Cake boss Steve Ytterborn said: “The popular term fossil-free vehicles means a green wash until all production has been decarbonized, regardless of what fuel they run on.”

He added: “To understand and address our own impact, we have measured emissions from our entire production chain for a Cake Kalk GOLD, and have started to decarbonize every step to a minimum by 2025. In doing so , our second most important contribution to the planet is to inspire other manufacturers to step up and do the same.”

Vattenfall and Cake have been working on the project since last year, which involved taking the bike apart and trying to assess the CO2e impact of each individual component. This involved working with Cake suppliers.

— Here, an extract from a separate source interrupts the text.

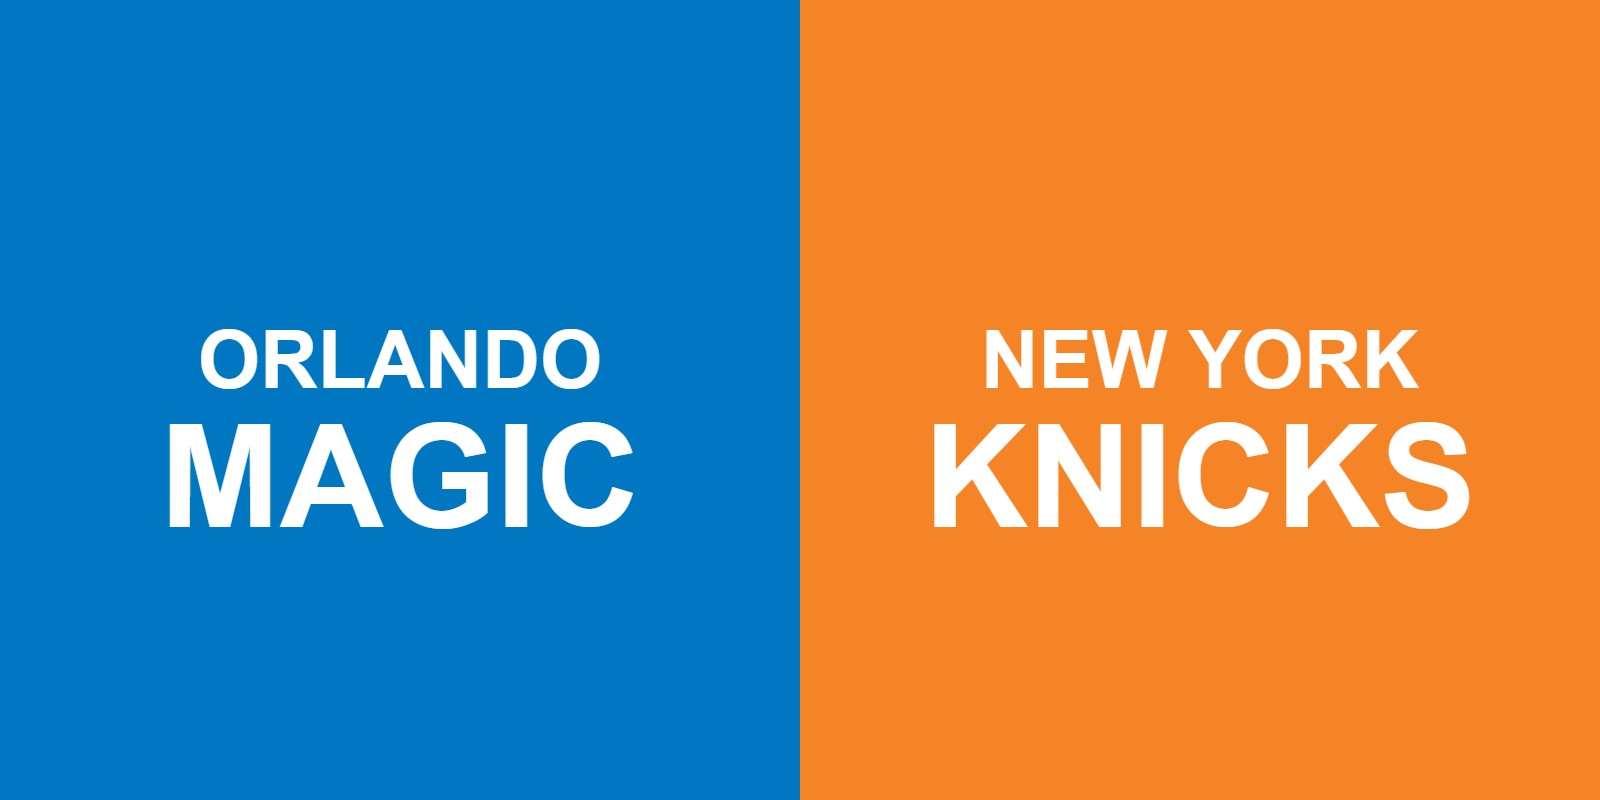 Magic vs Knicks

CO2e reduction is currently focused on materials such as aluminum, steel, plastic and rubber, as well as the production of the controller, motor, battery, suspension and electronics of the bike.

The company previously announced that it was working with Papershell to develop a paper-based natural fiber composite that could replace plastic.

Cake and Vattenfall and work with existing suppliers and reach out to “innovative manufacturers of alternative components and materials”.

The 1186 kg of CO2e that Cake claims is produced during the production of a Kalk OR bike is lower than the 1334 kg of CO2e created during the production of a 46-inch LED TV – and significantly lower than the 23 to 35 tonnes. of CO2e produced during the manufacture of an electric car.

For a more in-depth comparison, Cake says that producing a pair of jeans created 33 kg of CO2e and preparing 1 kg of beef produces around 60 kg of CO2. Using a 60 liter tank of petrol in a combustion engine car creates around 182 kg of CO2e.